Dear Gustavo and co authors,
I have read this pre print with great interest.
I have just one comment/feedback I hope will be relevant and useful. One aspect that has not be treated in this review is the notion nuclear gene variants leading to Intra-Individual Site Polymorphisms (2ISP) (Potts et al., 2014) or heterozygous information (Lischer et al., 2013) or alleles. From the title, I was expecting something along these lines too (“heterogeneity”). I am referring to the different alleles a specific sequence can have and how to deal with this in downstream phylogenetic analyses. HTS not only allows sequencing of a massive number of individuals and markers, it also allows us to sequence the same marker over and over (number of reads and coverage) unraveling its diversity. Based on traditional Sanger sequencing these 2ISPs were mainly visual (multiple peaks). However with multiple read coverage we can address/analyze this issue in much more detail. How do we take allele variation into account in phylogenetic studies using HTS data? I think this would be a very important paragraph to add, possibly in the section “II. Data generation and data types”?. There is a still a lot of theoretical work to be done, but also novel ways to properly use this information for phylogenetic analyses. It has been shown that taking heterogeneity information into account during phylogenetic analyses has significant impact (e.g. Lischer et al., 2013) on resolution, branch length estimation and subsequently time estimation (potentially impacting macro-evolutionary analyses you refer too).

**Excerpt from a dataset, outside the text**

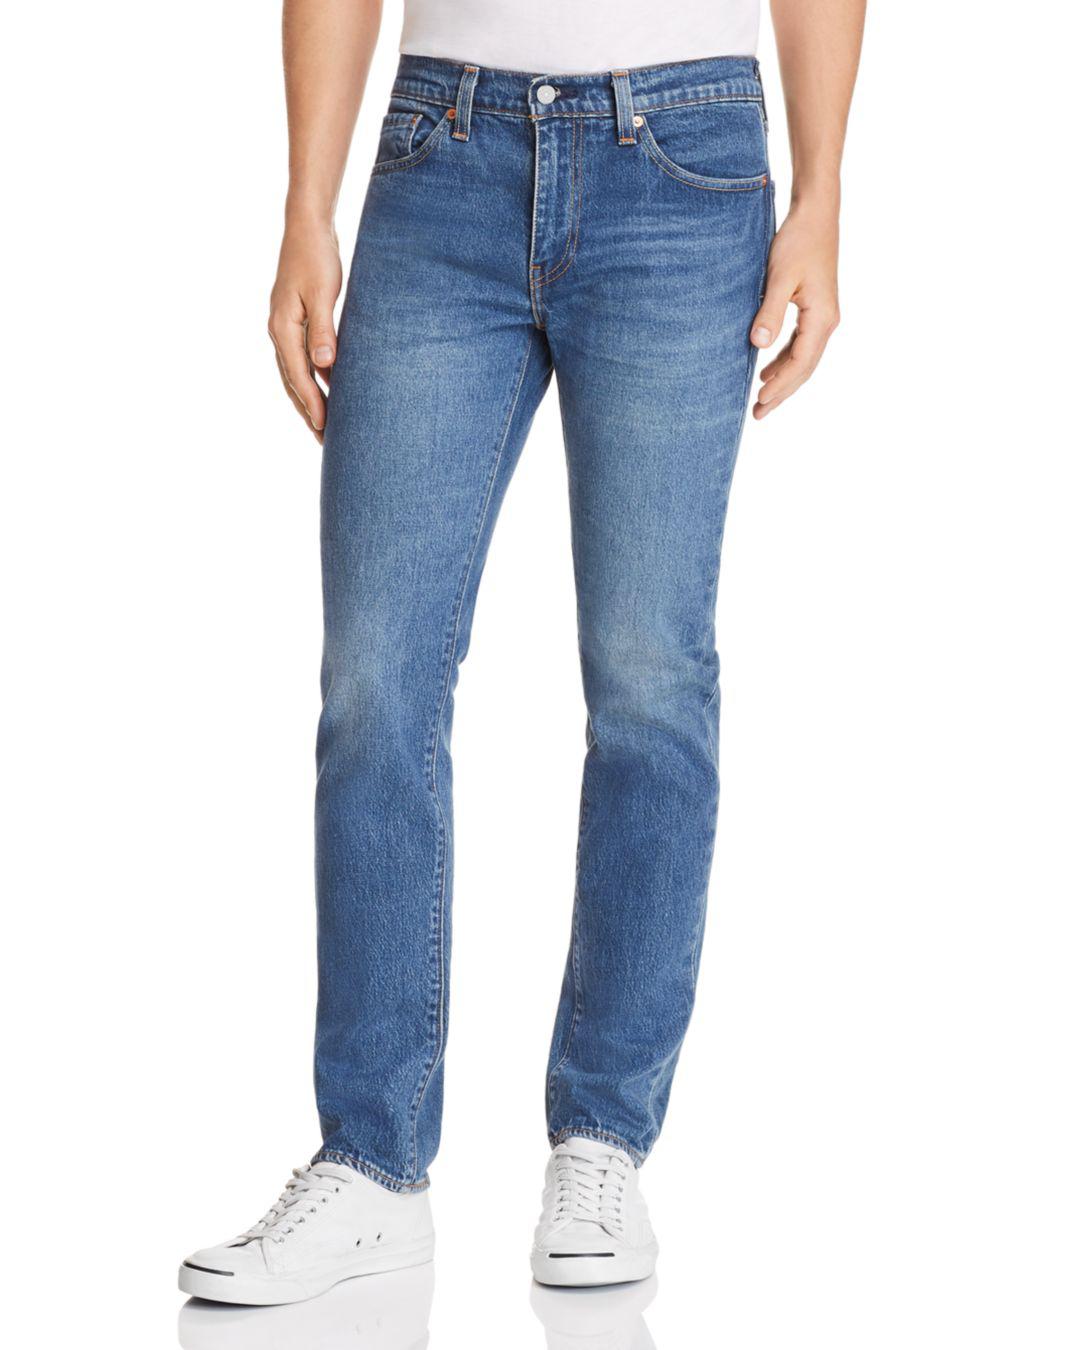 Levi's Denim 511 Slim Fit Jeans In 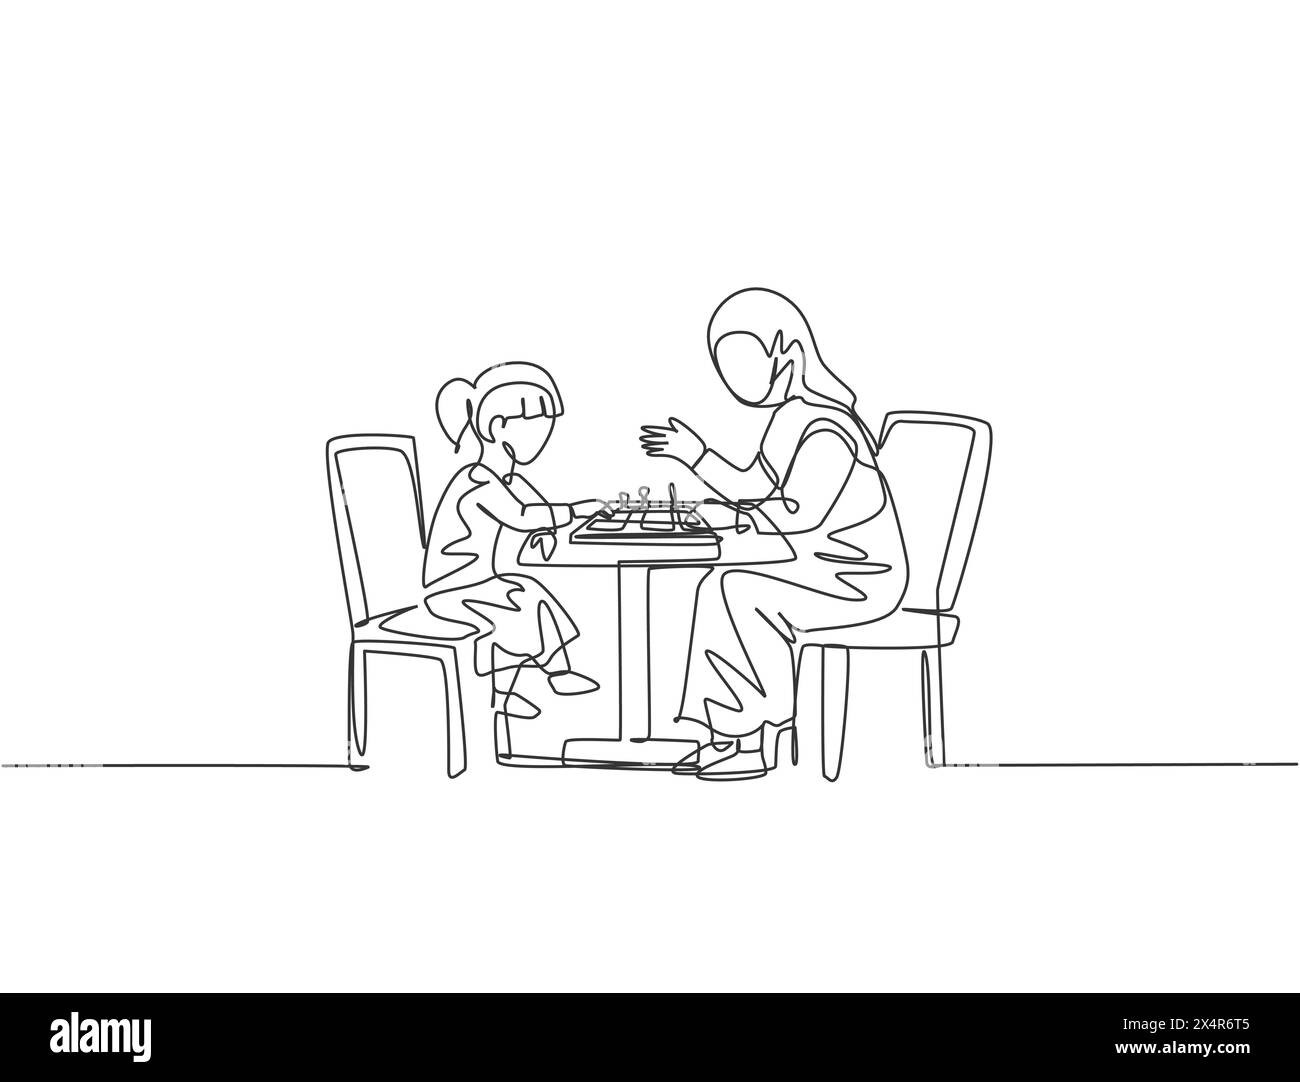 Dessin en ligne continue unique de la jeune maman arabe enseigner à sa fille la stratégie et chaque pion se déplace tout en jouant aux échecs. Maternité familiale heureuse islamique Illustration de Vecteur

There are different ways to deal with 2ISP: phasing (physical, statistical, genealogical) (e.g. PHASE; Stephens et al., 2001; Stephens & Donnelly, 2003), random selection of alleles (Lischer et al., 2013), UIPAC (either ambiguous or informative) coding (e.g. Potts et al., 2014). These methods all have advantages and disadvantages. A quick review of these would be a great addition and in line with your current review, I think. I provide a non exhaustive list of key references below.
Thomas Couvreur (email@example.com)
Lischer, H.E., Excoffier, L., & Heckel, G. (2013) Ignoring heterozygous sites biases phylogenomic estimates of divergence times: implications for the evolutionary history of Microtus voles. Molecular biology and evolution, 31, 817–831.
Potts, A.J., Hedderson, T.A., & Grimm, G.W. (2014) Constructing Phylogenies in the Presence Of Intra-Individual Site Polymorphisms (2ISPs) with a Focus on the Nuclear Ribosomal Cistron. Systematic Biology, 63, 1–16.
Stephens, M. & Donnelly, P. (2003) A Comparison of Bayesian Methods for Haplotype Reconstruction from Population Genotype Data. The American Journal of Human Genetics, 73, 1162–1169.
Stephens, M., Smith, N.J., & Donnelly, P. (2001) A new statistical method for haplotype reconstruction from population data. The American Journal of Human Genetics, 68, 978–989.